Now we’ll solve the equations. There are several stopping conditions. The solver is relatively rapid; for this model with 7000 ruptures, we can get a good solution in a few minutes. Note that the speed of convergence is determined not only by the number of ruptures in the system, but by the nature of the constraints and how steep the gradient is. Sometimes adding constraints can cause a solution to be reached in seconds, and sometimes it can take much longer.

My recommendation is to start with a small number of iterations (~1e4), see how fast it takes and the quality of the solution, and then work up from there.
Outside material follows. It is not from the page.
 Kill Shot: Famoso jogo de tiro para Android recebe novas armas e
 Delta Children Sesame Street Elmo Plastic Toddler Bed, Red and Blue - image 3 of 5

The best stopping condition is the stall_val which triggers when the misfit history stops improving, but this needs to be calibrated for each problem.

Here we’re using 200,000 iterations, which takes a few minutes on a modern laptop.

[12]:
logging.info("Solving")
rup_rates, misfit_history = solve_nnls_pg(
    lhs,
    rhs,
    weights=err,
    max_iters=int(2e5),
    accept_grad=-1, # continue to completion of iterations
    accept_norm=-1, # continue to completion of iterations
    stall_val=1e-6, # continue until solutions is pretty stable
)
rup_rates = pd.Series(rup_rates, index=rup_set.index)
logging.info("Done solving")
21-Mar-26 07:02:00 - Solving
21-Mar-26 07:05:37 - Done solving

Now we’re done and we can set the rates.

[13]:
rup_set["occurrence_rate"] = rup_rates

Let’s look at the results:

[14]:
plt.figure()
plot_soln_slip_rates(
    rup_rates,
    fault_network['subfault_df'].net_slip_rate,
    lhs,
    errs=fault_network["subfault_df"].net_slip_rate_err,
    units="mm/yr",
)
plt.title("Observed and modeled slip rates")
[14]:
Text(0.5, 1.0, 'Observed and modeled slip rates')
../../../_images/contents_fnm_docs_tutorials_atf_fermi_tutorial_31_1.png
[15]:
plt.figure()
plot_mfd(model_abs_mfd, label="Model MFD")
plot_soln_mfd(rup_rates.values, rups, label="Solution MFD")
plt.legend(loc="lower left")
plt.title("Solution MFD")
[15]:
Text(0.5, 1.0, 'Solution MFD')
../../../_images/contents_fnm_docs_tutorials_atf_fermi_tutorial_32_1.png
[16]:
plt.figure()
plt.semilogy(misfit_history)
plt.title("Solution misfit history")
[16]:
Text(0.5, 1.0, 'Solution misfit history')
../../../_images/contents_fnm_docs_tutorials_atf_fermi_tutorial_33_1.png

Writing the results to an OpenQuake source

[17]:
mfs = make_multifault_source(
    fault_network,
    source_id='atf_qilian',
    name="Altyn Tagh--Qilian Shan faults",
    ruptures_for_output='all', #use 'filtered' if you filtered by plausibility
    rupture_occurrence_rates=rup_rates,
)

write_multifault_source(".", mfs)